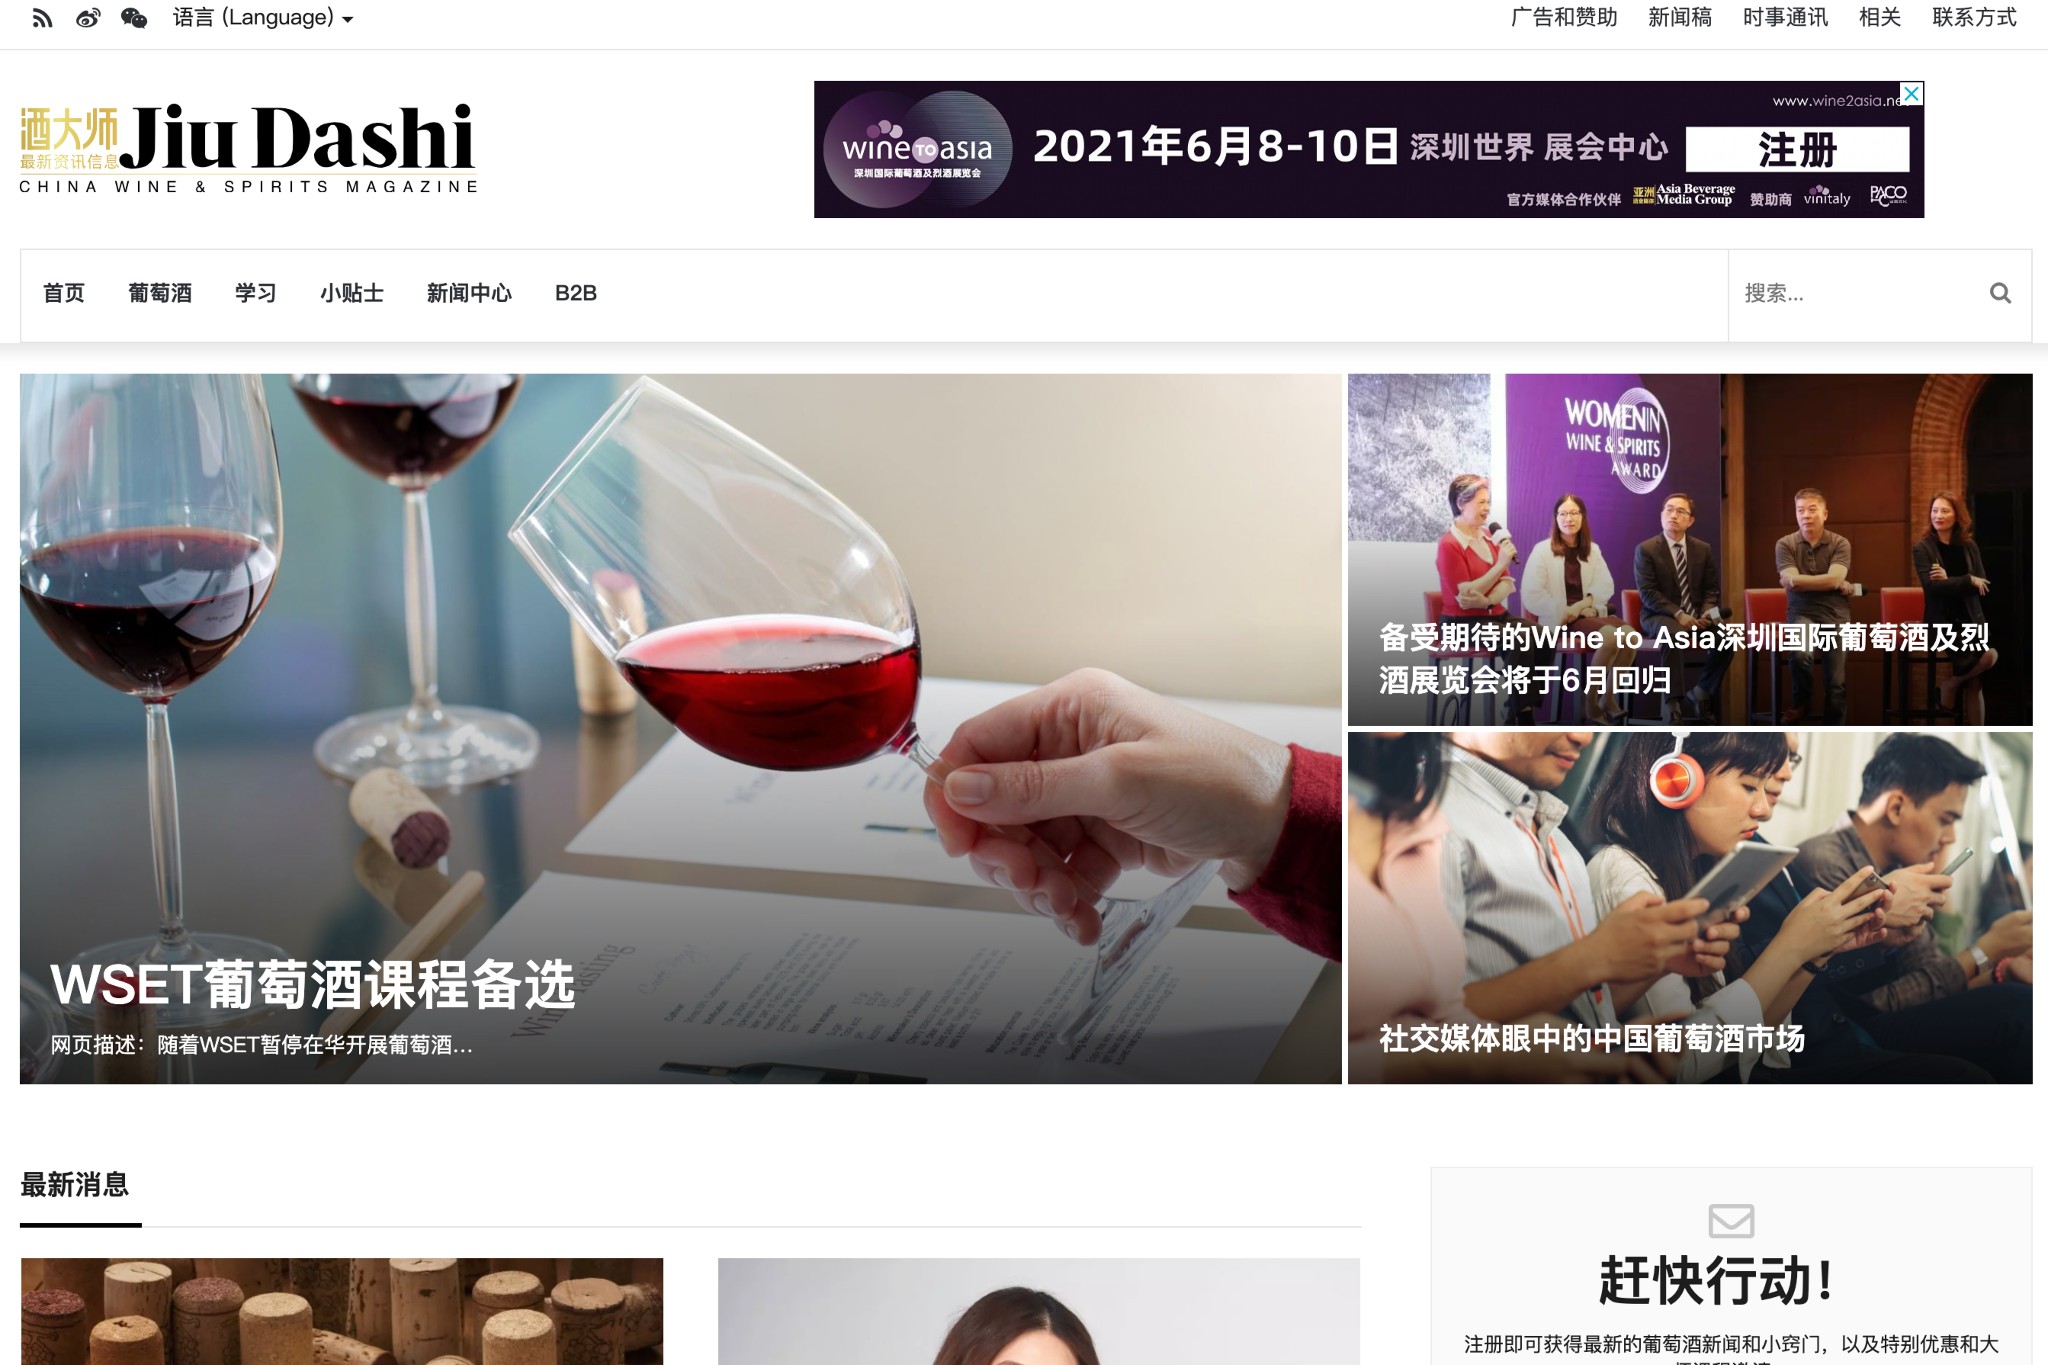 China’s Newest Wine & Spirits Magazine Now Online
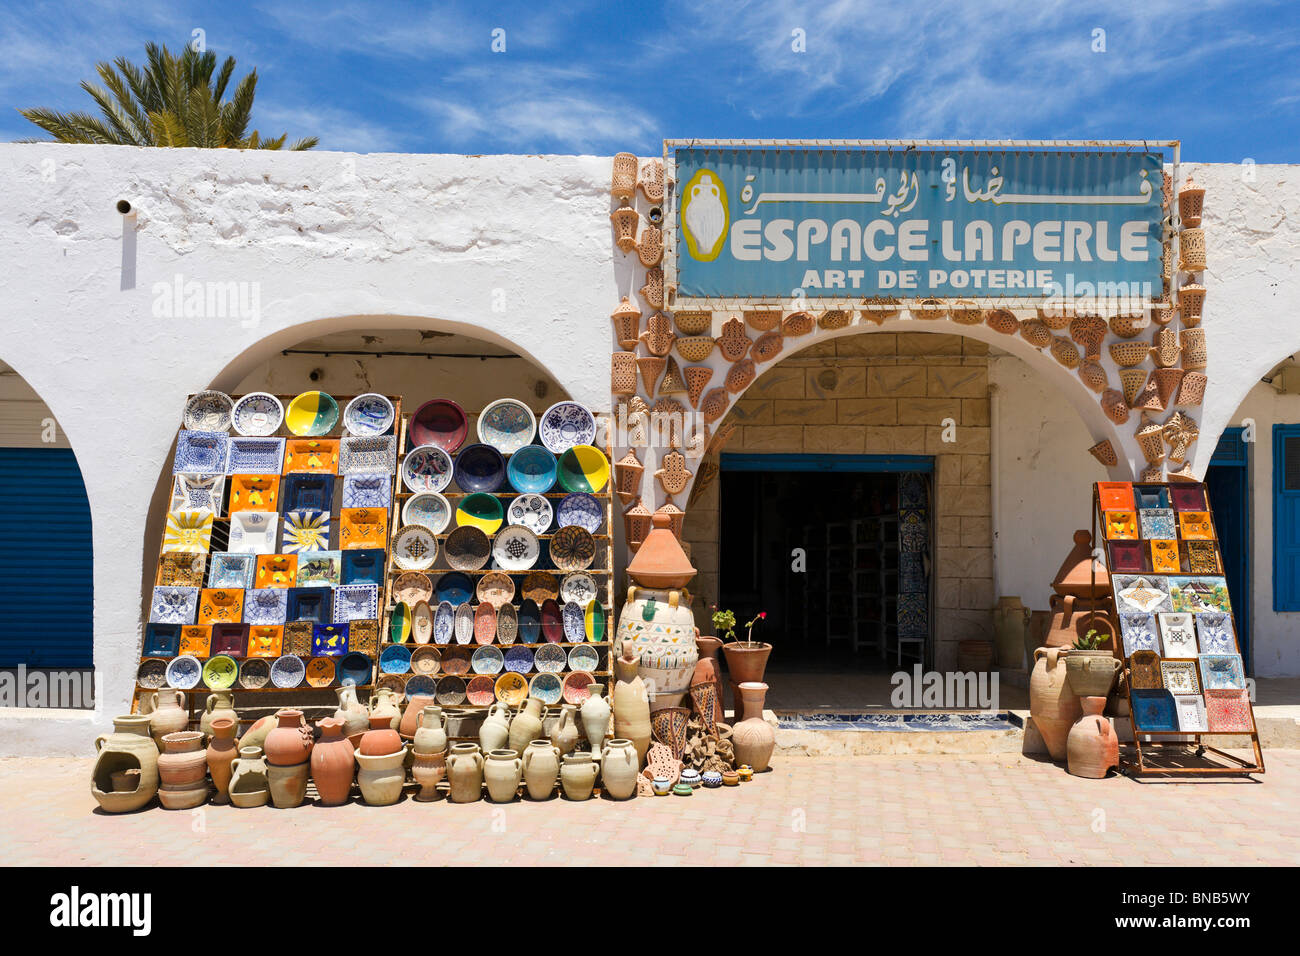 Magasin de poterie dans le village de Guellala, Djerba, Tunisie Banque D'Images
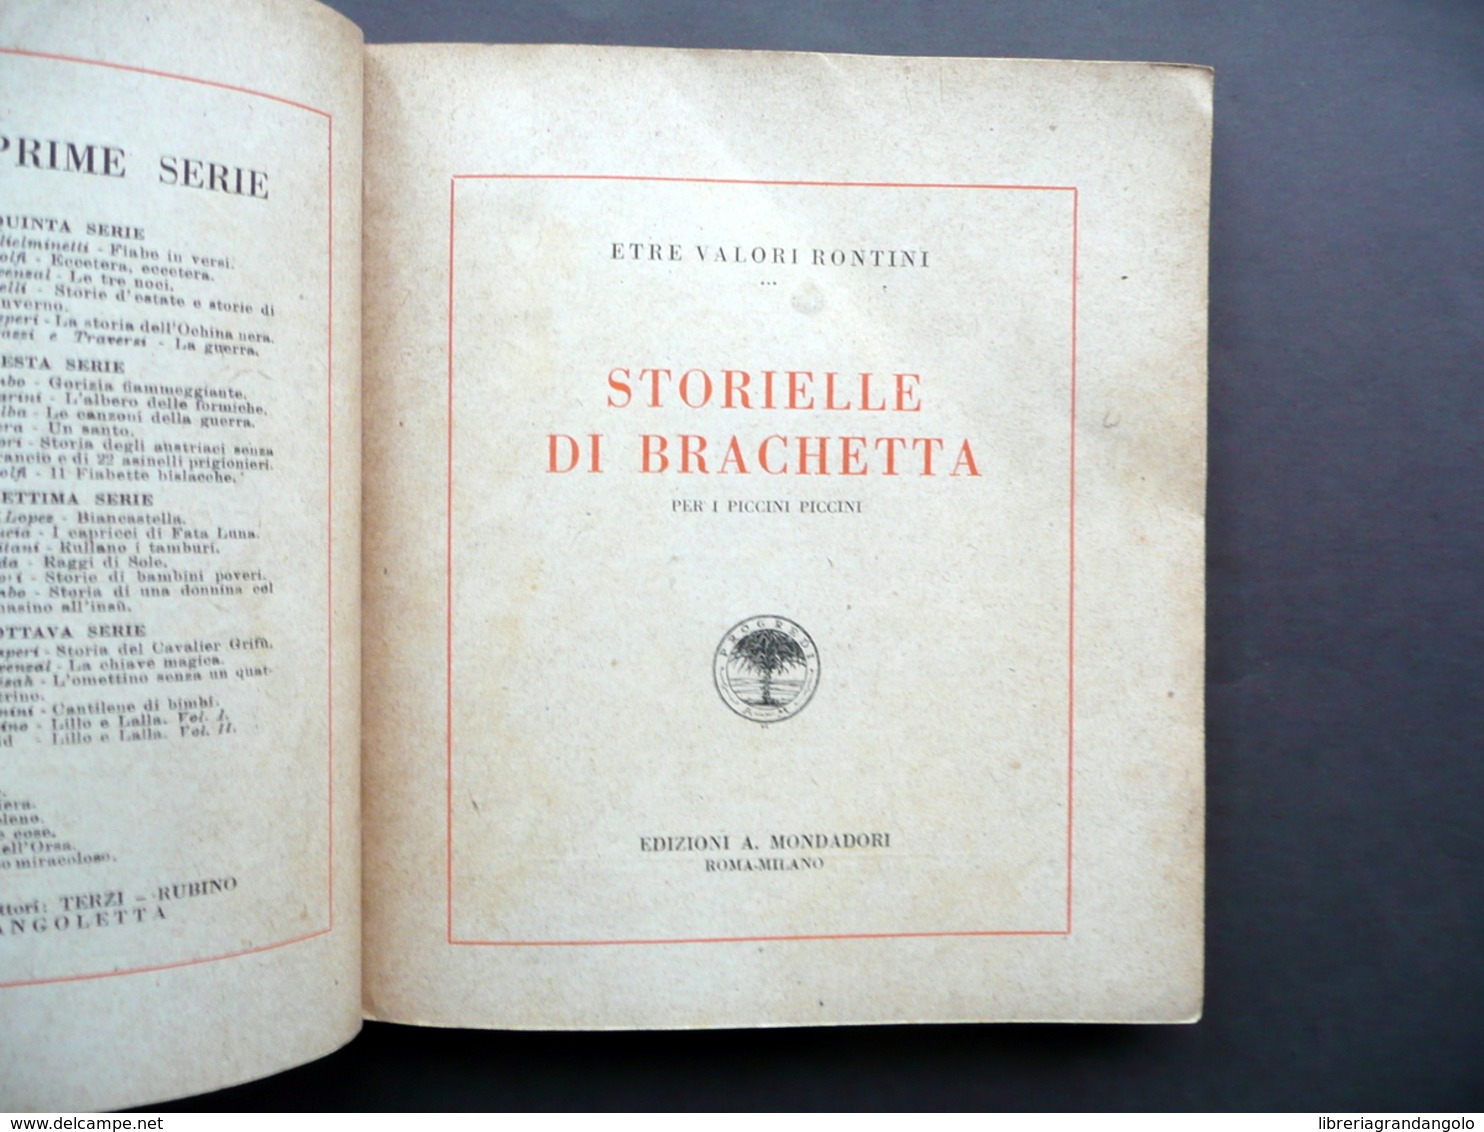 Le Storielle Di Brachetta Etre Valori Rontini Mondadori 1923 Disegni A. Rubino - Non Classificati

INSTRUCTIONS TO FOLLOW
Pictures aside, return all of the material exactly as written.

OUTPUT
 China’s Newest Wine & Spirits Magazine Now Online
 Magasin de poterie dans le village de Guellala, Djerba, Tunisie Banque D'Images
 Le Storielle Di Brachetta Etre Valori Rontini Mondadori 1923 Disegni A. Rubino - Non Classificati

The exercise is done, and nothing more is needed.